Nationwide Start to Save issue 2 at 2.5% open to anyone saving between £25-£50 per month with prize draw sweetener;

Also a flex regular saver for existing customers with higher amounts of £200 per month,

Nationwide 1 year fixed ISA and 1 Year fixed bond at 2% - open to all.

The Virgin Money M Plus Saver at 1.71 percent,

All beat the OP's fixed mortgage rate - and this is before the expected steep interest rises in August and September.

lot123 · 31/07/2022 20:31

Putting relative returns aside, not paying your mortgage off also gives you flexibility. If you pay off your mortgage, that money is tied up until you sell your house.

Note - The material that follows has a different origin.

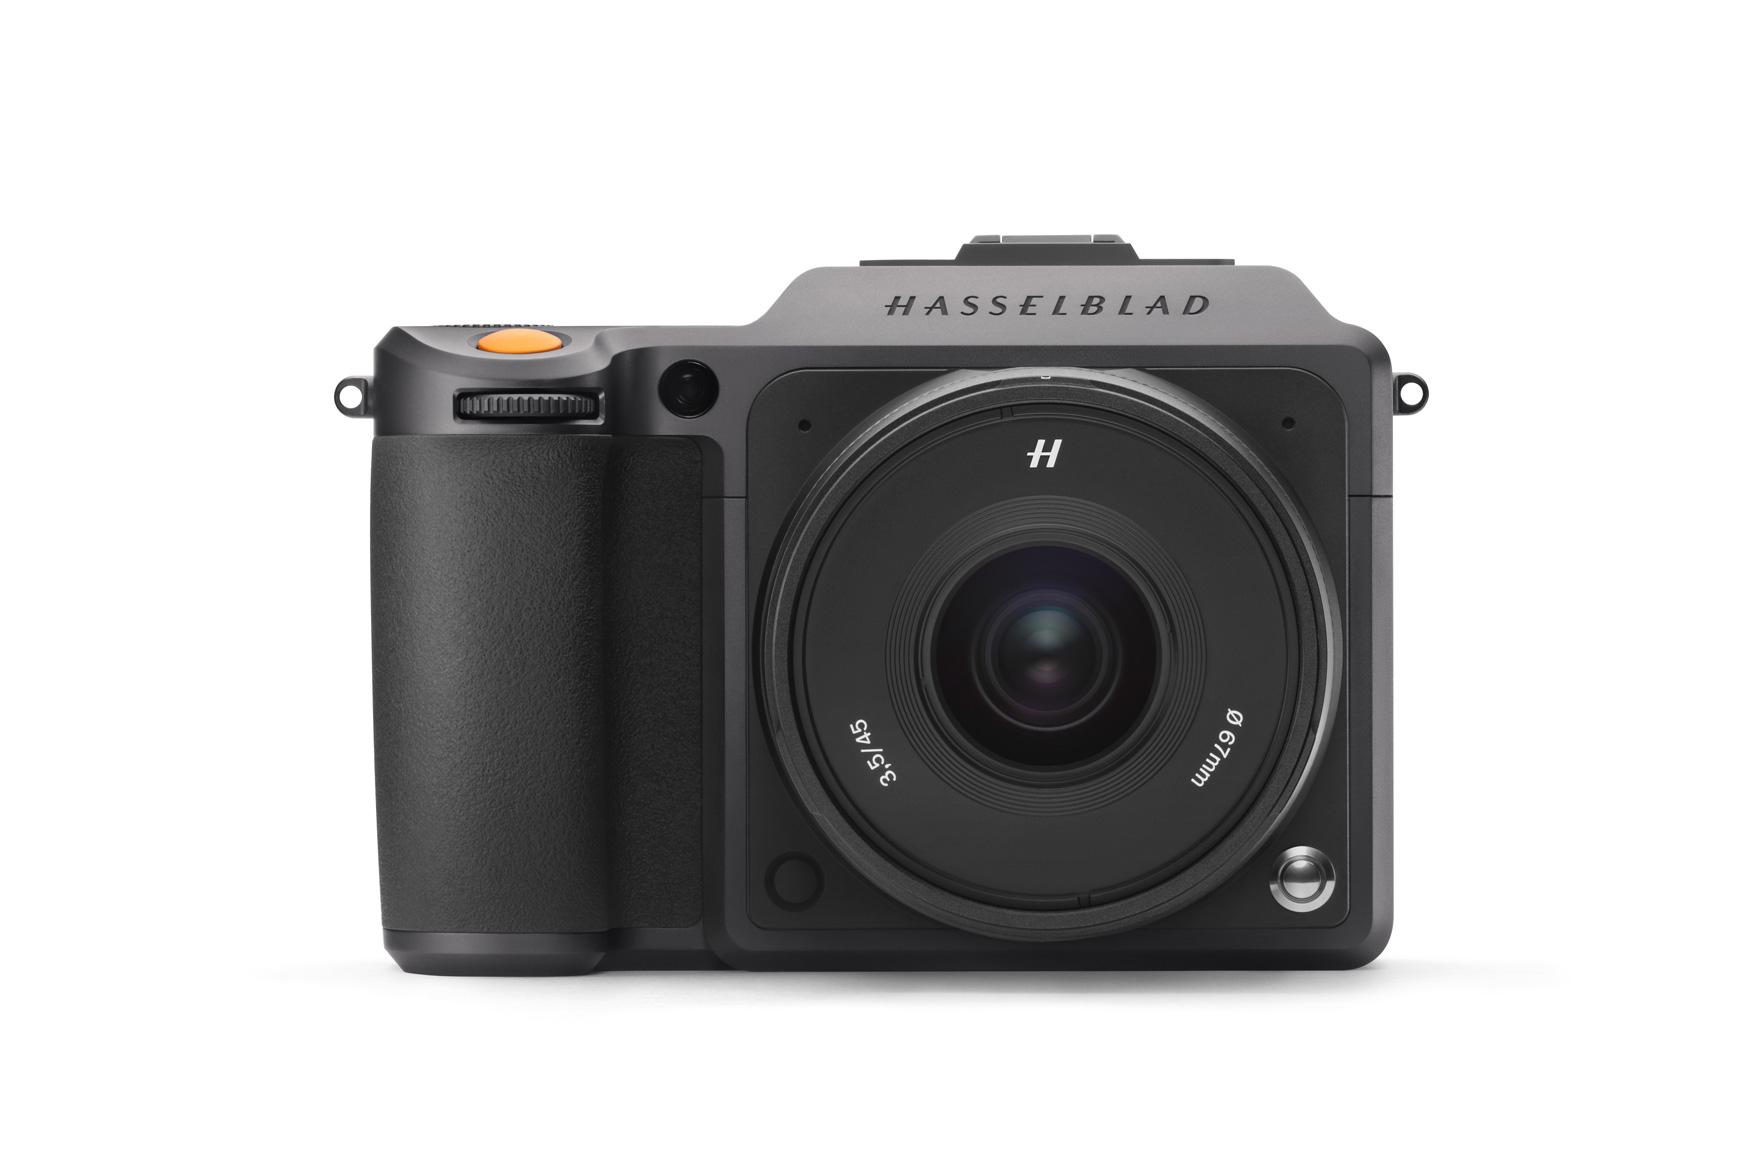 Анонс Hasselblad X1D II 50C и Hasselblad XCD 35-75mm f/3.5-4.5/35-75

Callisto1 · 01/08/2022 10:21

How much money are you talking about? If it's £3-5000 a year then you won't make a huge return in a savings account over the 2 years that you have.

As a crude example, say you find a savings account with a 3% and put in 5k a year. After 2 years, considering the 1.5% mortgage you will be around £225 better off with the savings account. In reality less since you won't get the full year interest on the money if you pay it in over the year. Either way not a huge gain.

So think more about what flexibility you want rather than the financial gains.

Bunnycat101 · 01/08/2022 10:33

I would do C but would invest rather than save. We’ve had this debate a lot in our house and I’ve come round to the view of investing over overpaying but that only works if your disciplined and don’t dip in. The pro for me was increased flexibility so if there was a period where things were financially harder, once they moneys in the mortgage it could be sunk but if it’s separate you’ve got more flexibility re how to use it. If rates are high when you get to the end of the fix you could then add in a lump sum.

MyDarlingClementine · 01/08/2022 11:20

Wow sorry to cut in but 099 interest on mortgage! Who is everyone doing it with??

lot123 · 01/08/2022 13:40

MyDarlingClementine · 01/08/2022 11:20

Wow sorry to cut in but 099 interest on mortgage! Who is everyone doing it with??

Nationwide, but at the end of last year before rates headed up.

GOODCAT · 01/08/2022 13:46

Definitely don't overpay and instead save. My interest rate is similar but with interest rates heading upwards it makes more sense to save than overpay. It makes even more sense to invest if you are able to afford higher interest rates in future and add to your pensions. Usually a bit of both is sensible.